Best bang for the buck right now is 2x4GB 760s that I am selling on SA-Mart :colbert:

Other than that R9-290 or GTX 780 depending on your resolution.

It's specifically a GTX 780 im looking for, but there's so many I cant figure out what variation has the price/performance sweet spot. Ti, superclocked, vanilla..

Factory Factory
Mar 19, 2010

This is what
Arcane Velocity was like.
Well... Agreed, what's your overclock in MHz and real-world FPS delta or percentage? Then we can convert that to frames per MHz and then through MHz per dollars to frames per dollar. Then we just find the local maximum for your card choices and their likely overclocking chops.

Probably gonna be Superclocked or SC+, though, assuming you get the ACX cooler and overclock it.

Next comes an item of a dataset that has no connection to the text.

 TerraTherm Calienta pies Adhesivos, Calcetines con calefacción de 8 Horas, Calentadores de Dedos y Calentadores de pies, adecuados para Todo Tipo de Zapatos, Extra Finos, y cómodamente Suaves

The Ti is a different card than the 780 regular, as the GPU has a different configuration. It performs better, but the performance per dollar is a good amount lower because the performance increase is far less than the price increase.

Agreed
Dec 30, 2003

The price of meat has just gone up, and your old lady has just gone down

Factory Factory posted:

Well... Agreed, what's your overclock in MHz and real-world FPS delta or percentage? Then we can convert that to frames per MHz and then through MHz per dollars to frames per dollar. Then we just find the local maximum for your card choices and their likely overclocking chops.

Probably gonna be Superclocked or SC+, though, assuming you get the ACX cooler and overclock it.

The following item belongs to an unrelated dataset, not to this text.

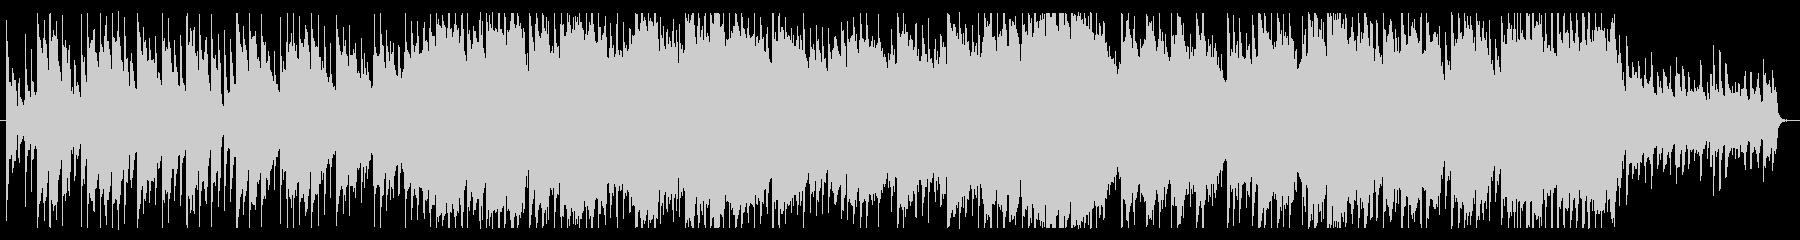 優しく、切ない、風景的なチルアウトBGMの未再生の波形

The Ti is a different card than the 780 regular, as the GPU has a different configuration. It performs better, but the performance per dollar is a good amount lower because the performance increase is far less than the price increase.

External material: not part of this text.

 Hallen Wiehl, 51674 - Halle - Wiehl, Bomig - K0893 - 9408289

I don't have sufficient data for a proper analysis here, but here's what I can show, based on 3DMark scores. Just taking the Graphics portion of the Firestrike test, all other factors equal, here's what my overclocked-as-far-as-it-would-go EVGA GTX 780 SC ACX did:

Graphics Test 1
53.6 fps
Graphics Test 2
44.1 fps

By way of comparison, my EVGA GTX 780Ti SC ACX, also overclocked as far as it will go - which, incidentally, is about 100MHz higher than the 780 would, both for the core and for the already-faster VRAM, but that seems to be fairly standard for a high quality sample of fully enabled GK110; good ones clock above 1200MHz, amazing ones clock into the 1300MHz range. I got a good one. :)


Graphics Test 1
63.6 fps
Graphics Test 2
51.9 fps


It's important to note that these tests are particularly flattering to the differences in the 780Ti. Some stock configuration numbers: The 780Ti has 20% more TAUs (texture address units) and 20% more SMXes (unified shader units). It has a very small pure primitive advantage that's reliant mainly on clock speed and memory bandwidth ensuring that it utilizes its ROP resources efficiently for pushing pixels. Texturing benefits from the higher core clock, as does geometry output; but, geometry is much more constrained, and both cards have the same number of ROPs, 48 each. At the same clock rate, one wouldn't expect much more in the way of GPixels/sec at all, though the high memory bandwidth and (frankly overkill) texture unit advantage does help to ensure that there is never an effective bottleneck on the 780Ti's geometric performance. But the results of these tests rest almost entirely on the card's superior shader and tessellation performance.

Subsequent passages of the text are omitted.